One of the more statistical measures that I follow is the NASDAQ McClellan Summation Index (NASI). This Index has largely been under pressure since earlier this year. It recently turned positive (greater than the zero mark) for the first time since July, and according to SentimenTrader's study, that has been a good sign for the bigger picture historically. There are only 8 prior times when the NASI has crossed over 0 for the first time in more than 3 months while the NASDAQ Composite was at a 3-year high, but the NASDAQ was positive every time a year later for a median gain of 21.5%. This again is another measure that seems to support the current, continued market strength. Clearly, this is a very statistical measure, but when one is so consistent, I feel it should be remembered.

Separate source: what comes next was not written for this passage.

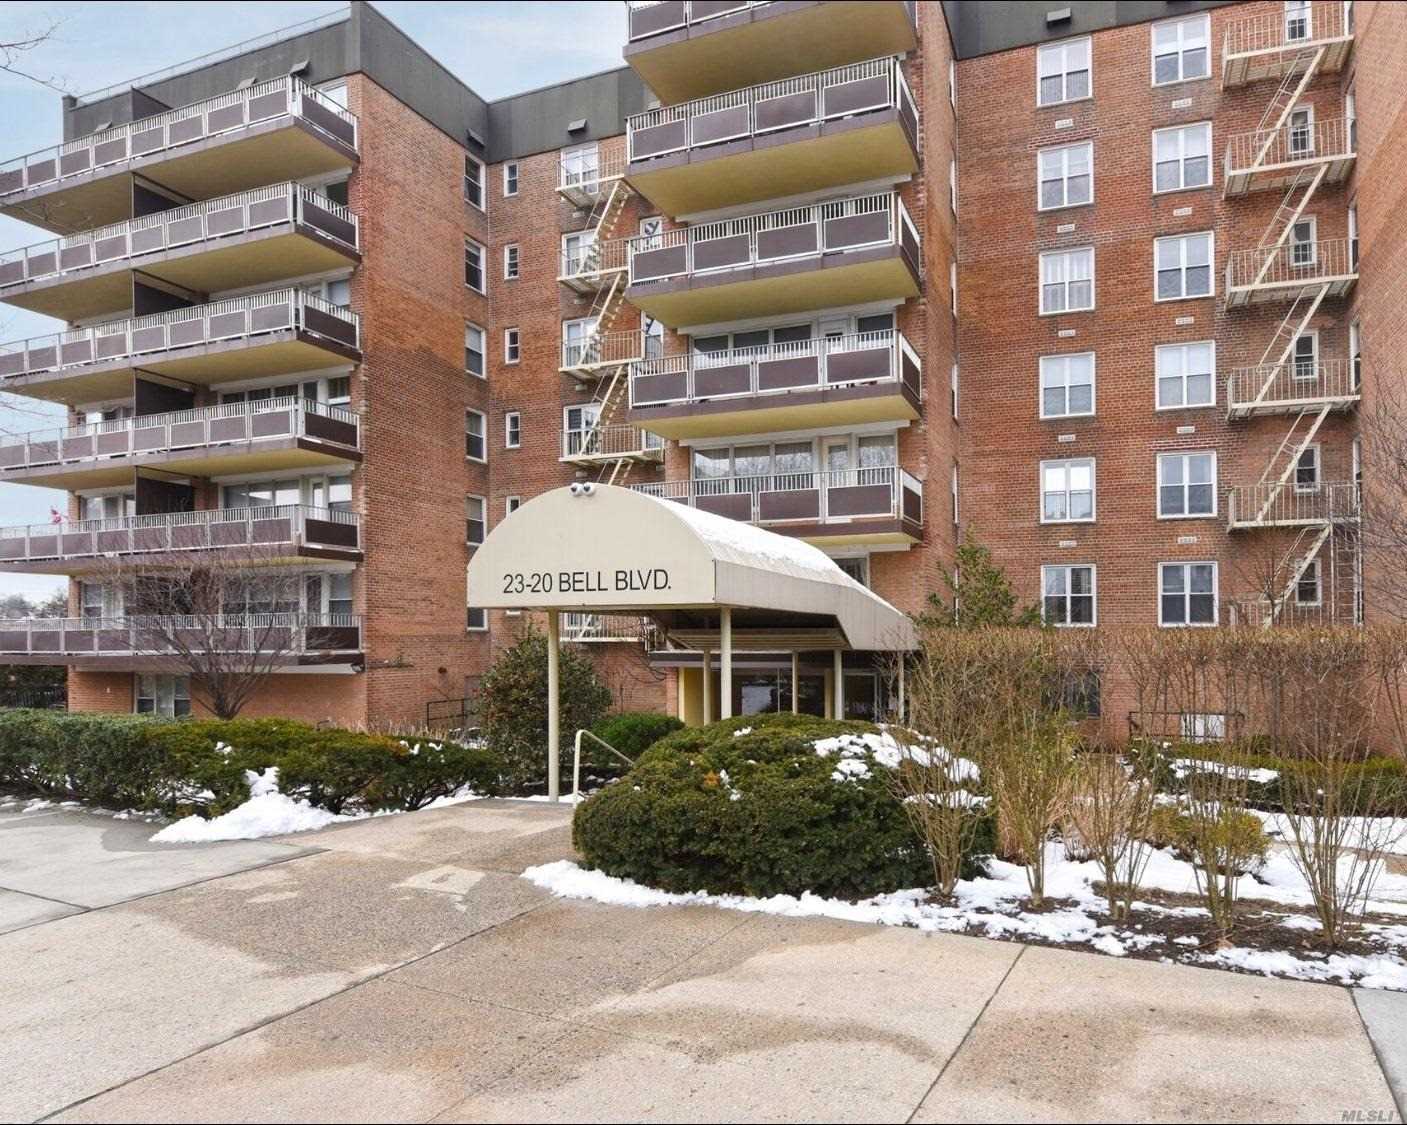 Spacious Top Floor Jr.4 With Water Views From All Rooms . Light Filled Extra Large Living Room/Dining Room, Eik, Bed , Bath, Closets Galore, Hardwood Floors, In-Ground Private Pool, All Utilities Included. Magnificent Balcony With Water Views Close To Lirr Qm2 Express Bus, Bay Terrace & Bell Blvd Restaurants & Shops . Must See Wont Last
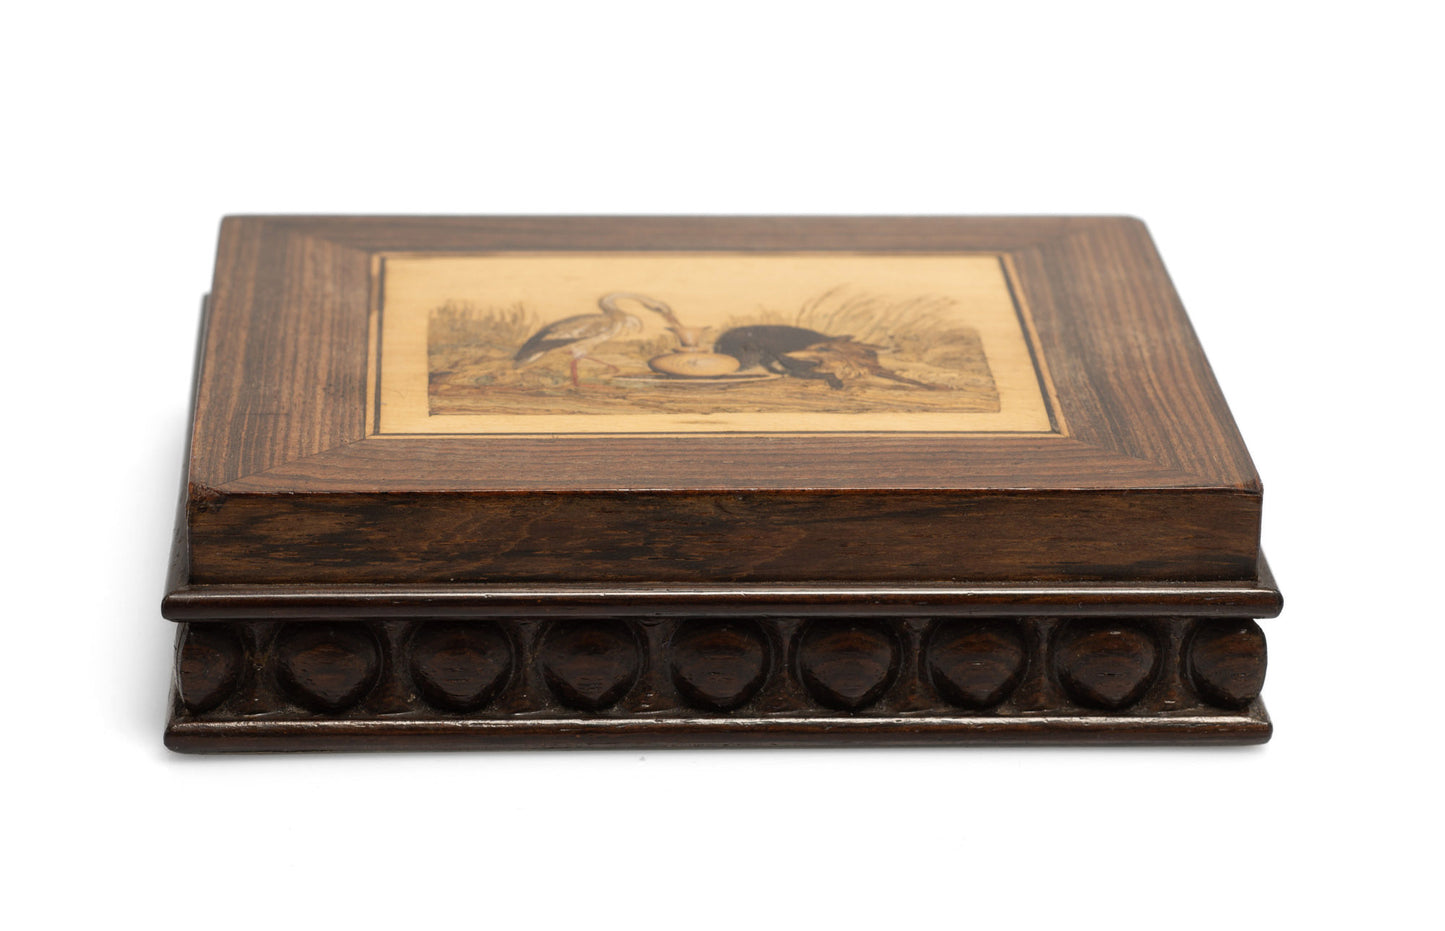 Superb Antique Carved Wood & Marquetry Desk Weight/Paperweight Fox & Stork c1840 (Code 2658)

Another measure I am seeing is the Lowry research report. At the end of last week, Lowry stated that the positive change in market tone so far in early November culminated in price breakouts by mid-cap and small-cap stocks. For the small-caps, it was the first new high since June 8th of this year. And for the mid-caps, it has been since September 2nd. These months of sideways trading and underperformance for both were finally resolved. They went on to show that as strong stocks get stronger, there is now evidence that weaker stocks are also improving. In the final analysis, these next two weeks of November tend to be a little difficult for the markets, but it would seem to be a logical breather for the markets before the final push of strength into the end of the year.
We can focus on the negativity of labor, but as we look under the hood it is clear that we are experiencing a period that is really quite an anomaly where unemployment seems to remain an issue, not due to a lack of jobs, but instead due to a large increase in people who have decided to simply not re-engage in the workforce. I guess if given free money long enough, enough is saved that they don't even want to go back to work. Stranger things have happened, for this I am sure, but this is a truly different situation than I can ever recall experiencing. So, it brings me to do what seems to be the best decision: LISTEN TO THE MONEY, IT SELDOM LIES!